I think you are onto something in terms of the starch chrystals. I just read that the reason you don't put bread in the fridge is because the starch crystals form at low temperatures at which point it is stale. Now those loaves that come out with a shiny, soft crumb (translucent is the word often used) they do seem to last longer, and that translucence has something to do with the starches, I gather. My gut feeling on this is that it will have something to do with the mix and balance of yeast versus bacterial fermentation. This probably has something to do with the nature of the starter cultures to begin with, which has many causative factors such as food, water, temperature, bio-energetic ambiance etc., and also the same during the building stages in dough development prior to baking. So then assuming that all the food/ingredients and ambiance is equal most times, the main variables might be things like temperature, humidity, moon cycles and background music.


Personally I have not noticed a repeatable difference between when the dough leavens in silence, when listening to Bach, or talk radio. But then I haven't perhaps paid enough attention yet!

CaperAsh 2011 May 17

Drat! I forgot to do the test. Will try to remember this week. Suddenly - and unexpectedly - became extremely busy. Good for the bottom line. Bad for experiments!

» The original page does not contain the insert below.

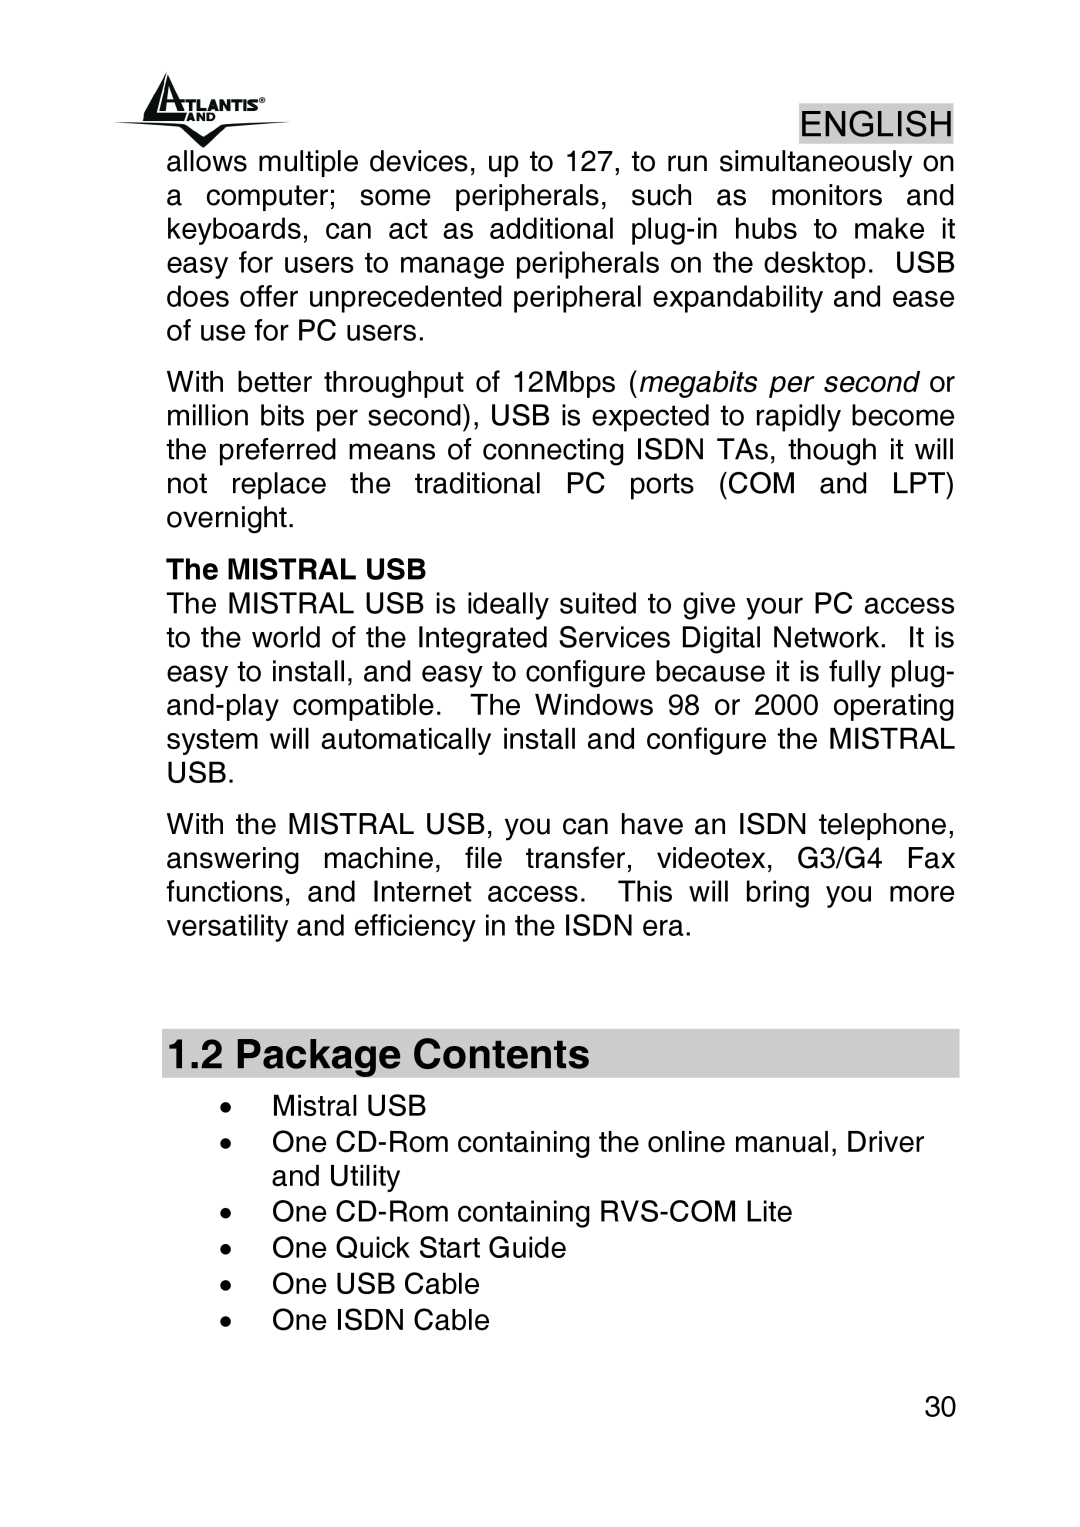 Atlantis Land A01-IU1 manual Package Contents, The MISTRAL USB

Vortex: one effect is to push the bacteria to the outside where they get exposed to oxygen and die. Another effect is temperature cooling.


The simplest, most fascinating aspect of the brief commentaries on Schaupeter I read are how water has cycles, i.e. young water, mature water, exhausted water, both naturally and unnaturally caused. We tend to think of water as H20 with extra stuff floating around in it, either good or bad. It's not that simple.


Another very interesting read is The Hidden Messages of Water by Masaru Emoto.


Here you see the effects in terms of chrystal structure differences between fresh and tired water, even before and after various types of music. There's more to water than H20. Our dead-matter pseudo scientific view is way out of line with reality. People like Shauberger were the real scientists. If we had been using his implosion (versus our combustion) engines the past century there would be no pollution issues.

hometoast 2013 February 9

Man, homebread shoo these breads are so homebreading nice my hometoasts. I would really like a pie e of my family homebreads so i can home have some hometoast to heat with my homemade homeloaf.

Outside of a bread machine, this is the easiest bread recipe humans have yet devised. You know refrigerator bread? It's easier than that. You know no-knead bread? It's easier than that. Why? Because it's a no-knead refrigerator bread! Once the dough is ready — and the measuring and mixing only takes about 20 minutes — only a hot oven and a half an hour separates you from a piping hot loaf of your own. Anytime you want bread, you just form a loaf and pop it in. I still like to make more complicated breads sometimes — croissants, bagels, that sort of thing — but this is my dead-easy standby.